• **WORK TASK**
Within the data that follows, how many lines contain the word "vida"? Reply with only the number.

• **RECORD SET**
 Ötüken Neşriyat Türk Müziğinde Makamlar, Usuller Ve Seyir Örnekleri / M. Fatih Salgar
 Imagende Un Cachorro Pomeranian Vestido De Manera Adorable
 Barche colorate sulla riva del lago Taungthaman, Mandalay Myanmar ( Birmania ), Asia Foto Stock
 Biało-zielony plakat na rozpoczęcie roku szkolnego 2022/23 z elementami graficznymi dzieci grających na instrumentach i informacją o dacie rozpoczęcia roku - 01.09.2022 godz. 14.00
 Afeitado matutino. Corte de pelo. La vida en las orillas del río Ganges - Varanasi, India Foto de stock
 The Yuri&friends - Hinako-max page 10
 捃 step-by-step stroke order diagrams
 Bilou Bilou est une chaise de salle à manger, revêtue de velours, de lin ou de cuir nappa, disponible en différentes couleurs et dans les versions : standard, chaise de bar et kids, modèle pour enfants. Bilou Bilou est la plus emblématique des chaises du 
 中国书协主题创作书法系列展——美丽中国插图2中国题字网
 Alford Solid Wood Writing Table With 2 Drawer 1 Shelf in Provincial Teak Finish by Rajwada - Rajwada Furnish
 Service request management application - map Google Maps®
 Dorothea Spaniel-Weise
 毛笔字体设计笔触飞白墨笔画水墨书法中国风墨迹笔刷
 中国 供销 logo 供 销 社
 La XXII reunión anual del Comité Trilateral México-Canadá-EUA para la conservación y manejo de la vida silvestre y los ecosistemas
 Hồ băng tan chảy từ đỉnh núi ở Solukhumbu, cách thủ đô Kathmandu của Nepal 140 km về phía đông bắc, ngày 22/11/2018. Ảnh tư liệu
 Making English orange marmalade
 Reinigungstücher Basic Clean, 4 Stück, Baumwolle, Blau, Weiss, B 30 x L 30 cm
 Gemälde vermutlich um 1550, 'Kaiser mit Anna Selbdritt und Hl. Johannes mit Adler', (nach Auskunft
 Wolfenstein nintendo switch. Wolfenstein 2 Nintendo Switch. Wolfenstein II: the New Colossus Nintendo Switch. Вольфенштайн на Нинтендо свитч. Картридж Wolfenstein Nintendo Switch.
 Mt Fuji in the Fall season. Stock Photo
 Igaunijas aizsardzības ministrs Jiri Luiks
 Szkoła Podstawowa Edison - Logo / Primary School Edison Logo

• **ANSWER TO THIS PROBLEM**
2